Maria Eletta Martini e i ricordi livornesi


(Massimo Masiero) – Livorno 3 marzo. Maria Eletta Martini, ex presidente della Camera, esponente della Democrazia Cristiana, promotrice e relatrice della riforma del diritto di famiglia (legge approvata nel 1975), presidente del centro nazionale del volontariato, ha avuto un rapporto stretto con Livorno. Fu eletta alla Camera e al Senato, dal 1963 al 1992, pur essendo nata a Lucca, anche con i voti dei livornesi perché il collegio elettorale comprendeva Livorno-Pisa-Lucca e Massa Carrara.

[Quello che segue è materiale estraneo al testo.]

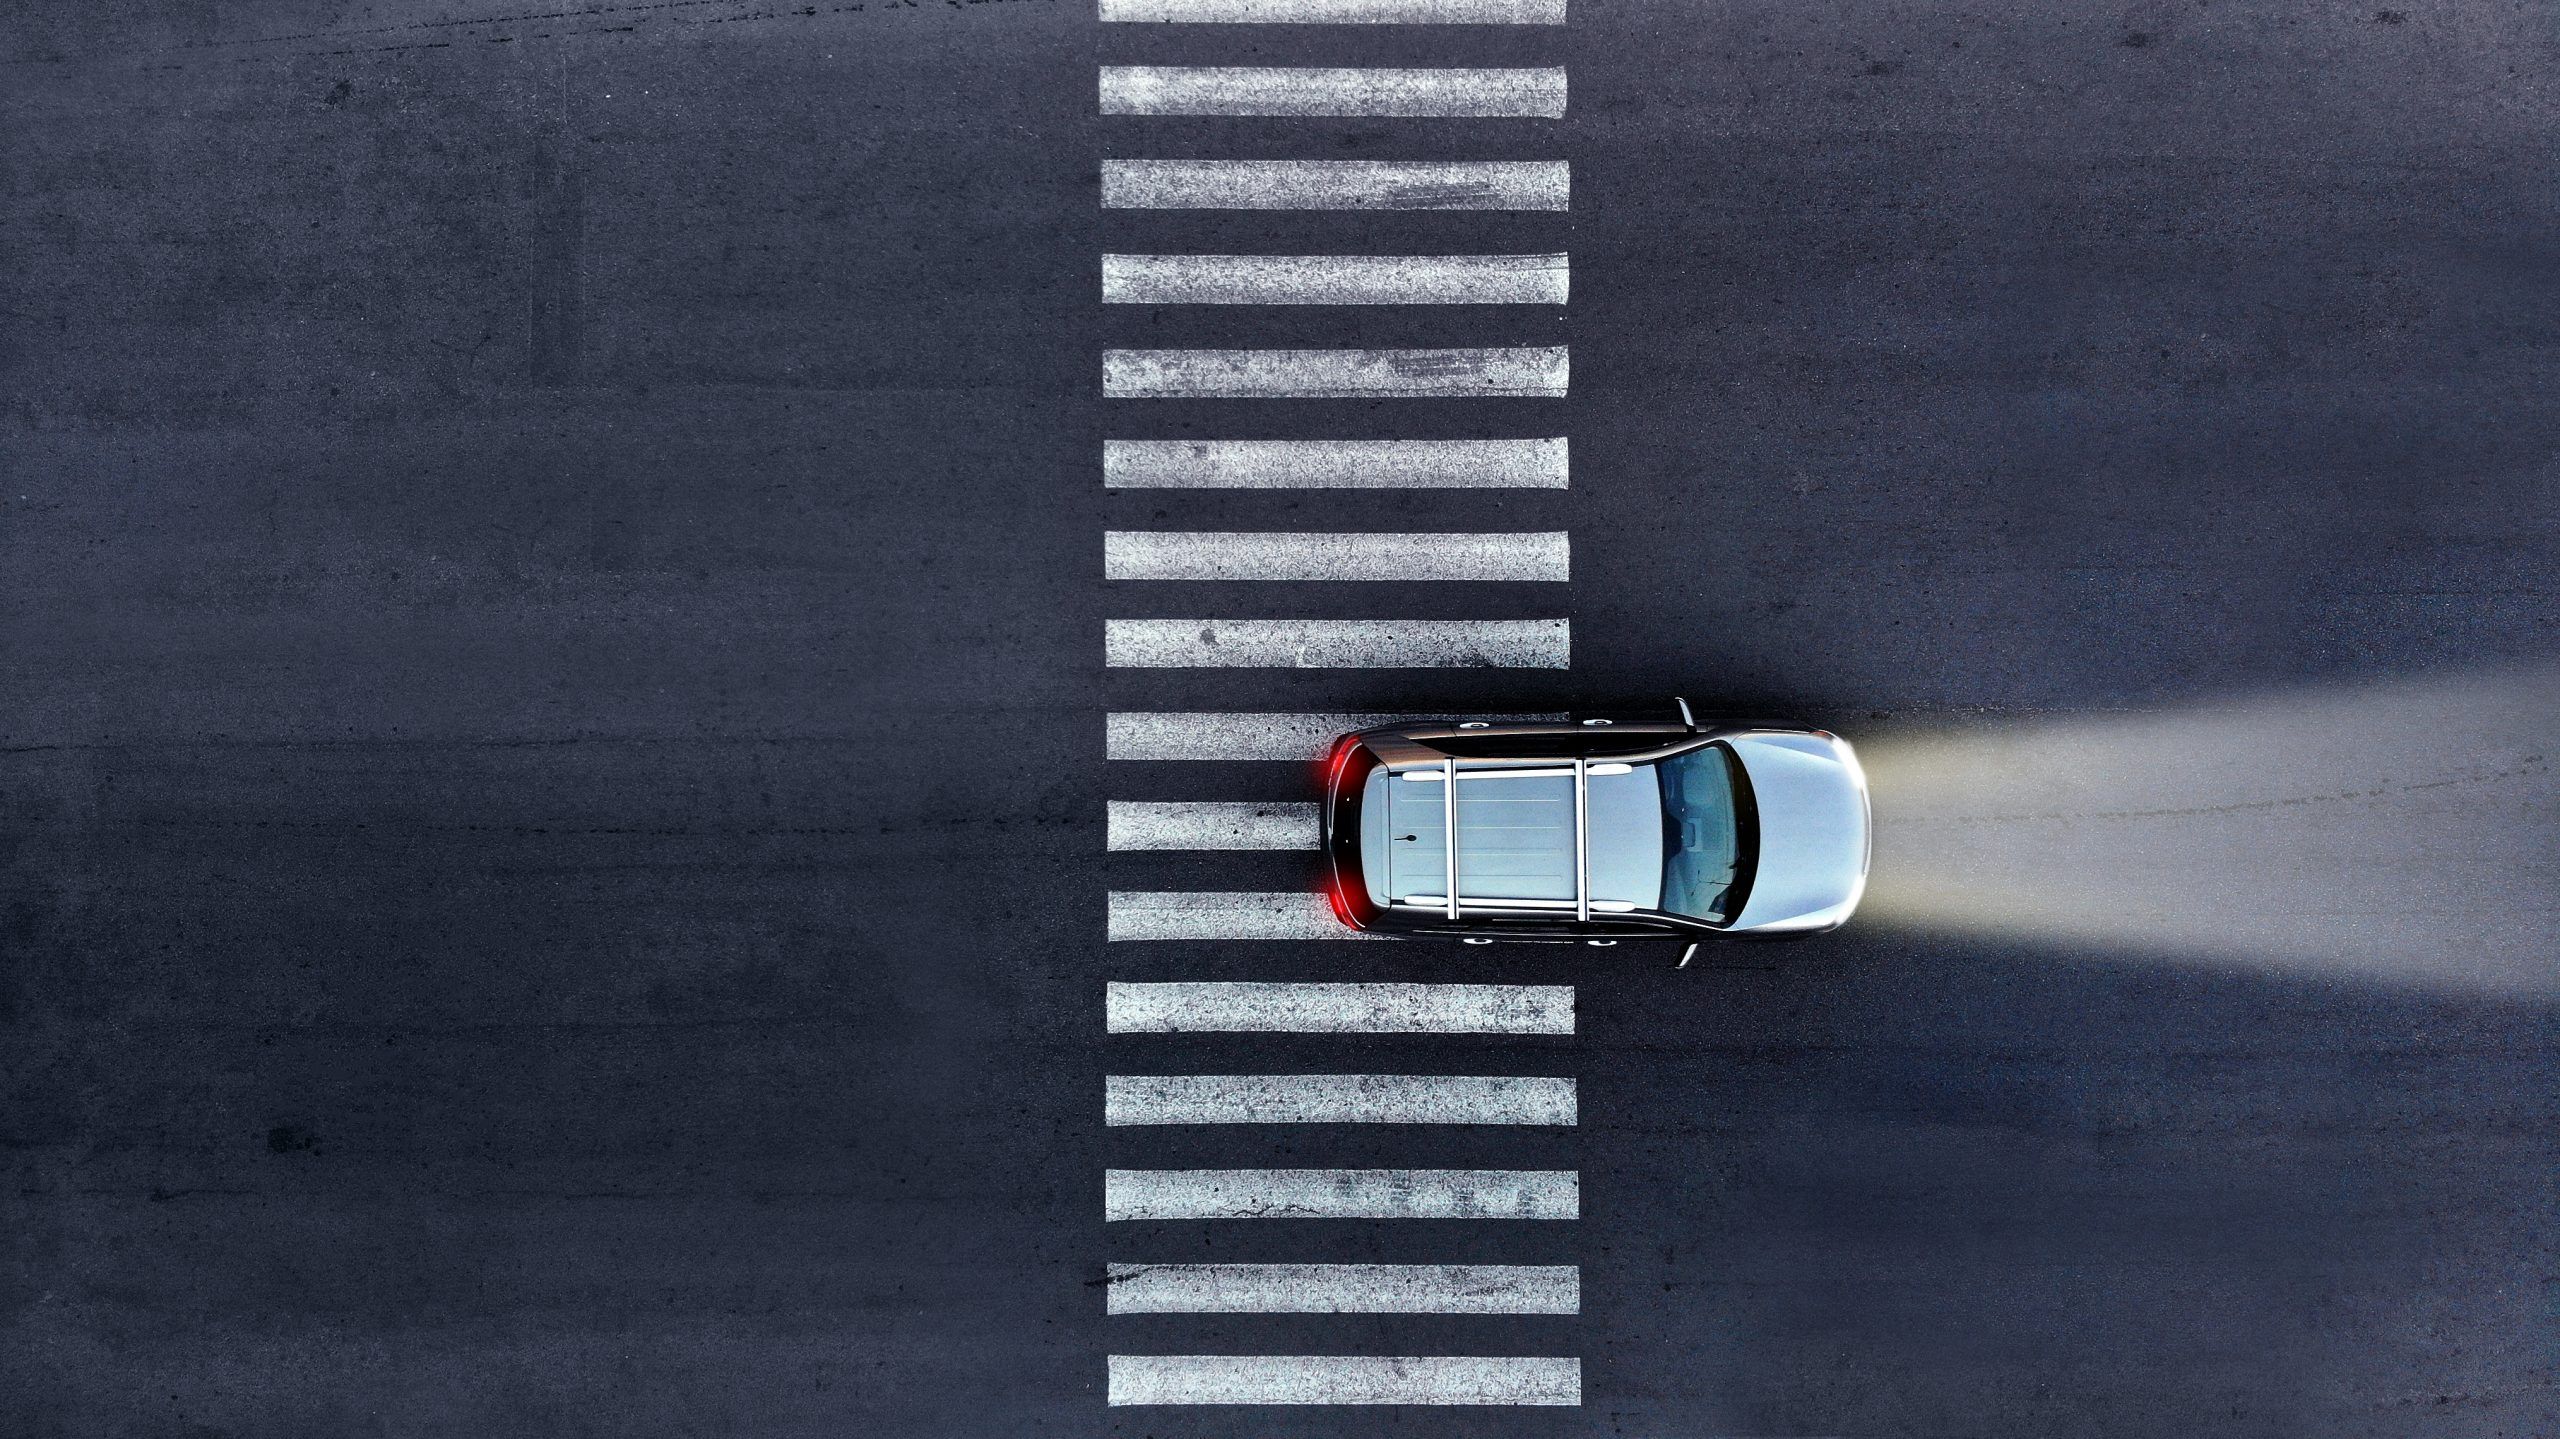 An aerial view of a silver car on a zebra crossing, its high beams are on

“Ancora oggi, a poco più di cinque anni dalla morte, avvenuta il 29 dicembre 2011, a 89 anni, amo definire Maria Eletta Martini una cristiana laica del Concilio Vaticano II, che voleva e sapeva stare dentro il flusso della storia umana, ispirata ad un modello di vita incarnato da due perle veramente evangeliche: il disinteresse personale e lo spirito di servizio”. Così la ricorda Pietro Gianneschi, sacerdote lucchese e amico d’infanzia, su “Toscana Oggi”, il settimanale cattolico edito a Firenze.
Il presidente della Repubblica, Sergio Mattarella, (in una foto storica da Toscana News) l’ha voluta ricordare oggi al teatro del Giglio di Lucca perché “fu anche costruttrice di una democrazia più larga e partecipata, sostenitrice dell’autonomia e della libertà delle formazioni sociali”. La sua etica è stata quella di “contrastare sempre la corruzione, senza esitare e lo ha fatto in nome della propria coscienza e della democrazia”. Grazie a “madri della Repubblica” come lei, Nilde Jotti e Tina Anselmi, ha detto il presidente Mattarella “oggi la parità di genere è una realtà”.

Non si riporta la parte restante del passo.